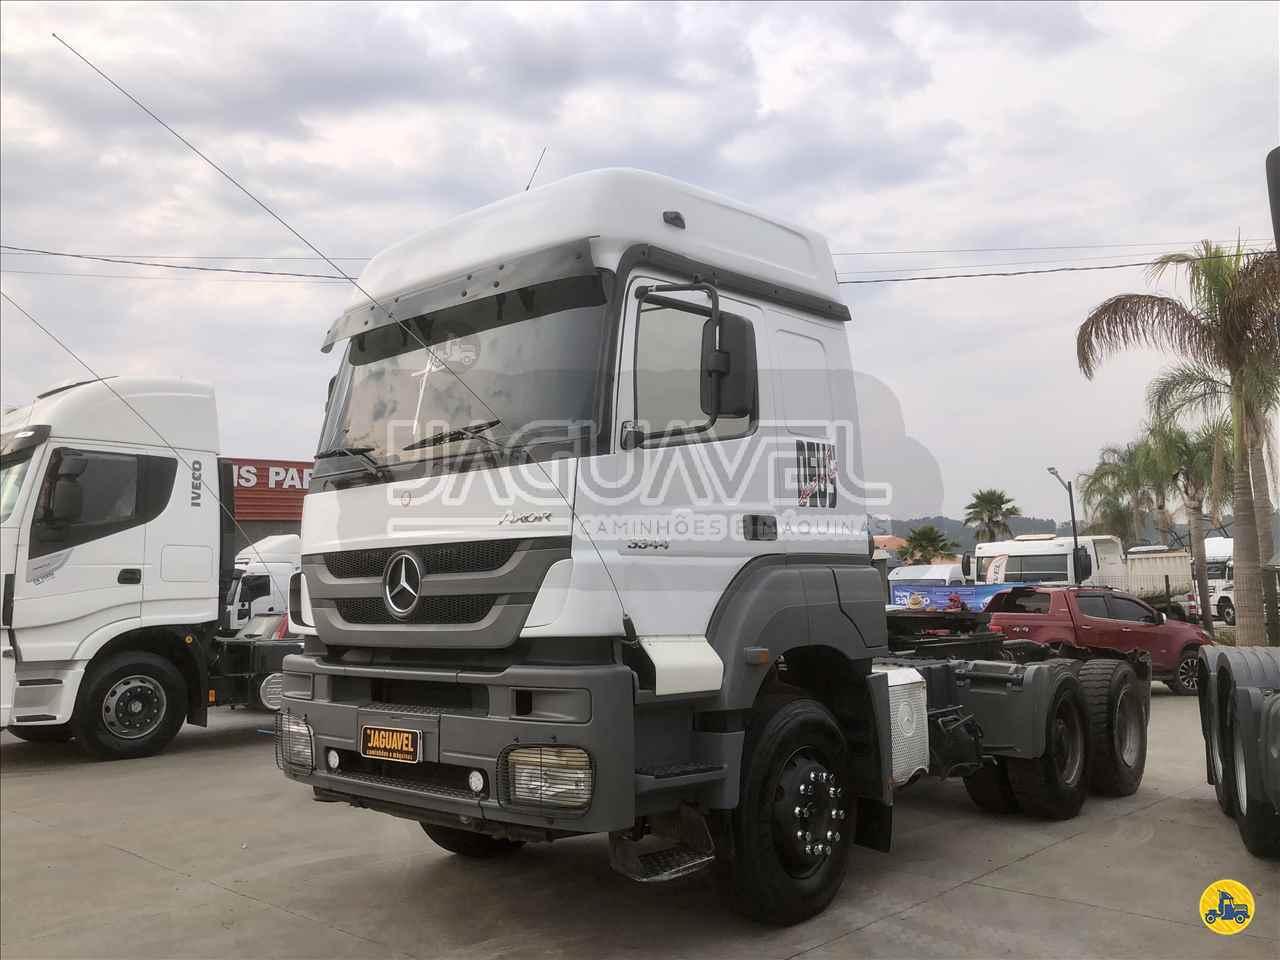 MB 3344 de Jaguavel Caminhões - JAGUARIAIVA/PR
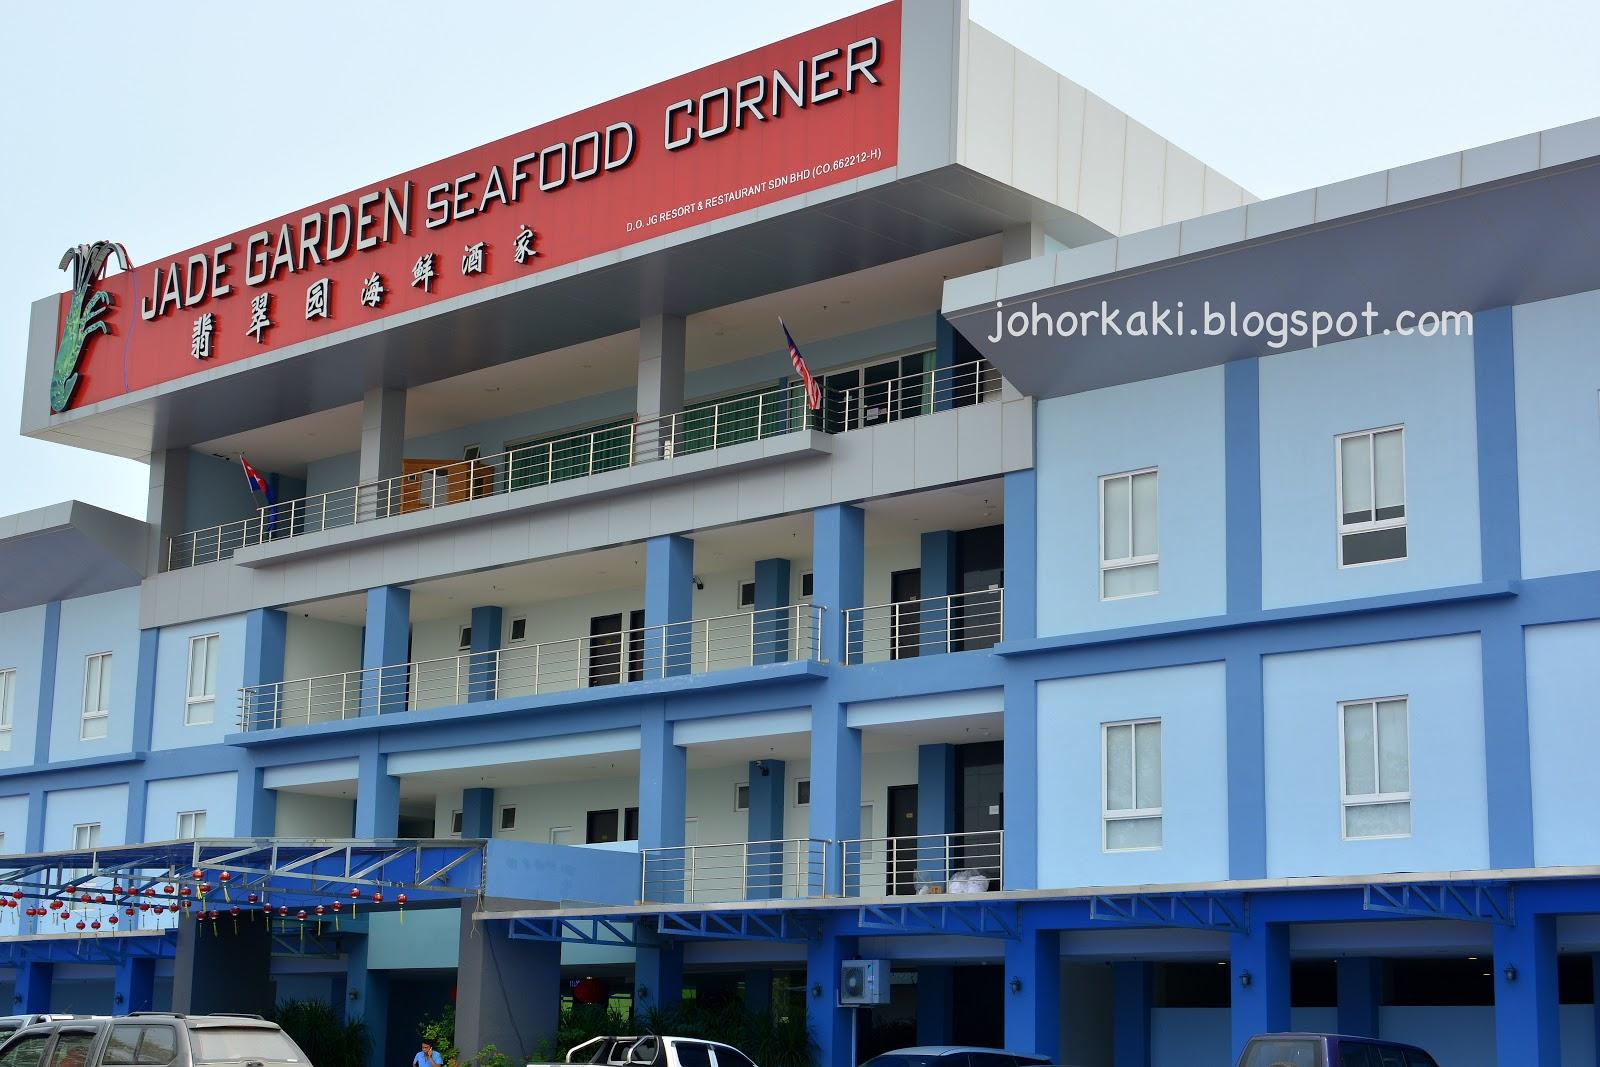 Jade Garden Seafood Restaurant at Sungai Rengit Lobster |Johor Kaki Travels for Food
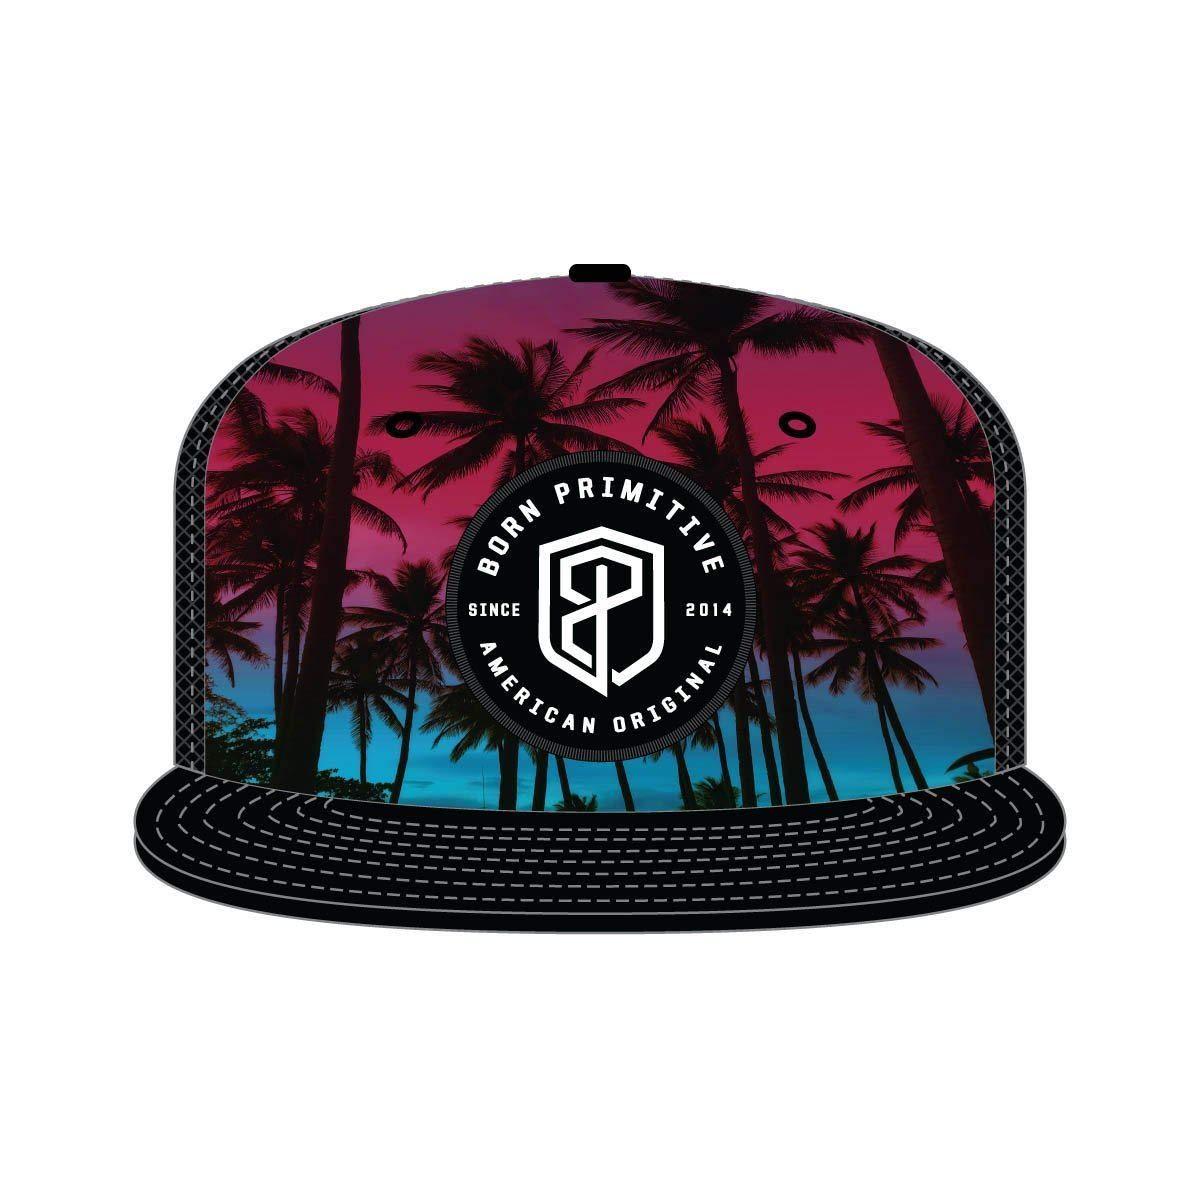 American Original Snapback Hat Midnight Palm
...
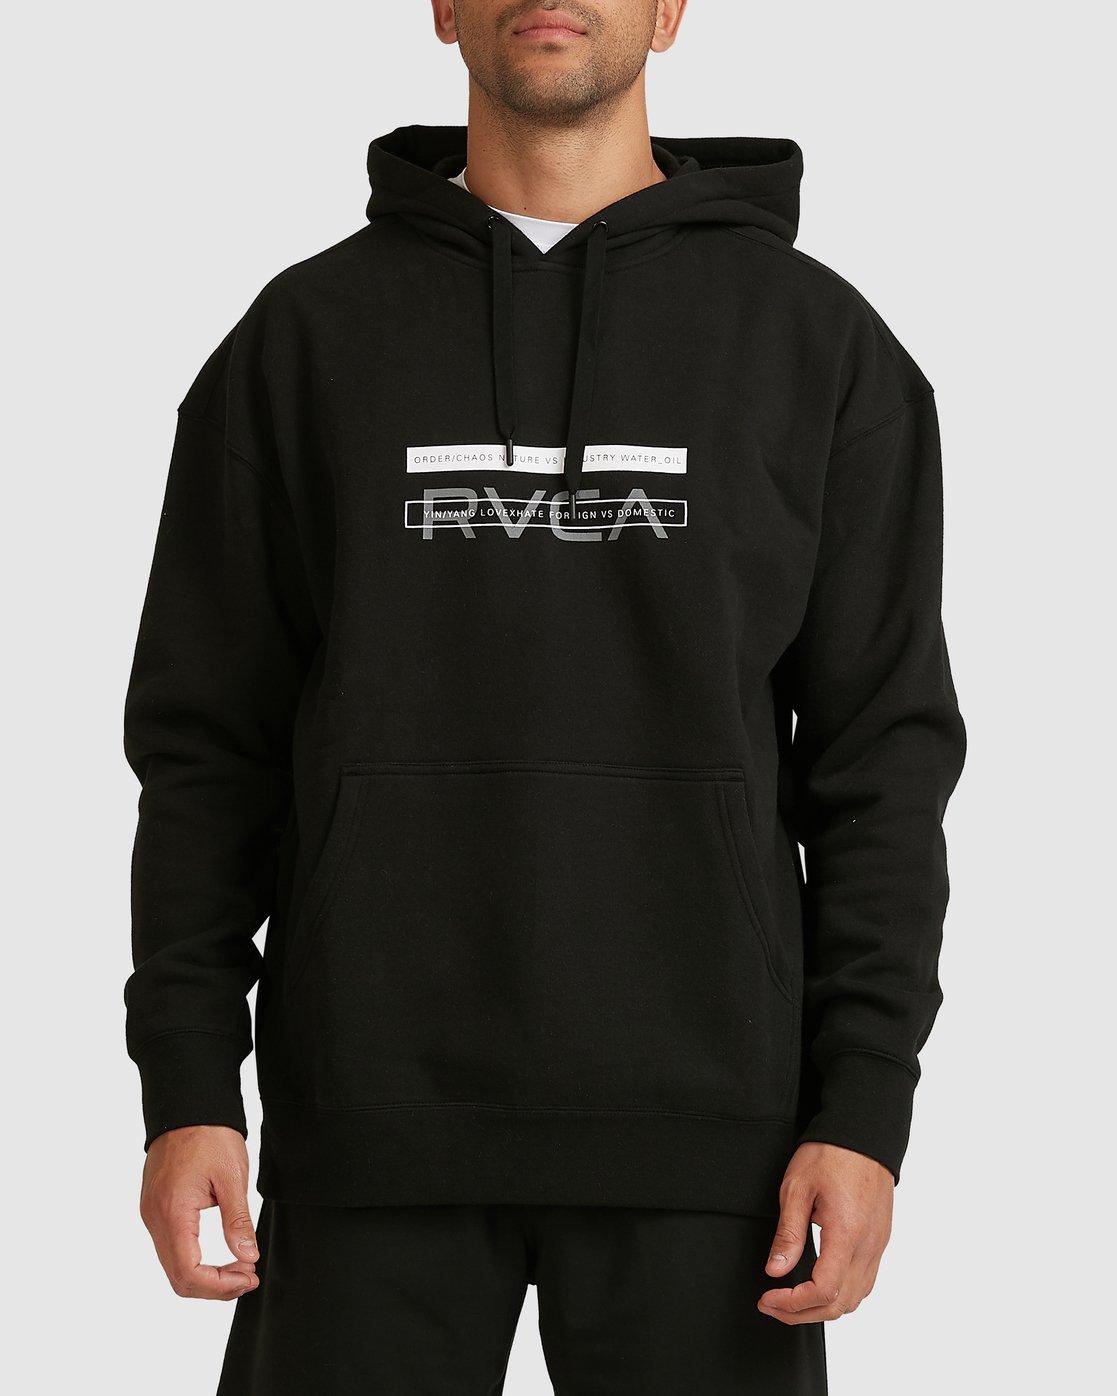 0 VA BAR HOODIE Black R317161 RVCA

## Task description
Within the listing above, extract exactly the lines that run from the one containing "Jade Garden Seafood" through the one containing "American Original Snapback Hat Midnight Palm", excluding any pictures.

## Expected output
 Jade Garden Seafood Restaurant at Sungai Rengit Lobster |Johor Kaki Travels for Food
 American Original Snapback Hat Midnight Palm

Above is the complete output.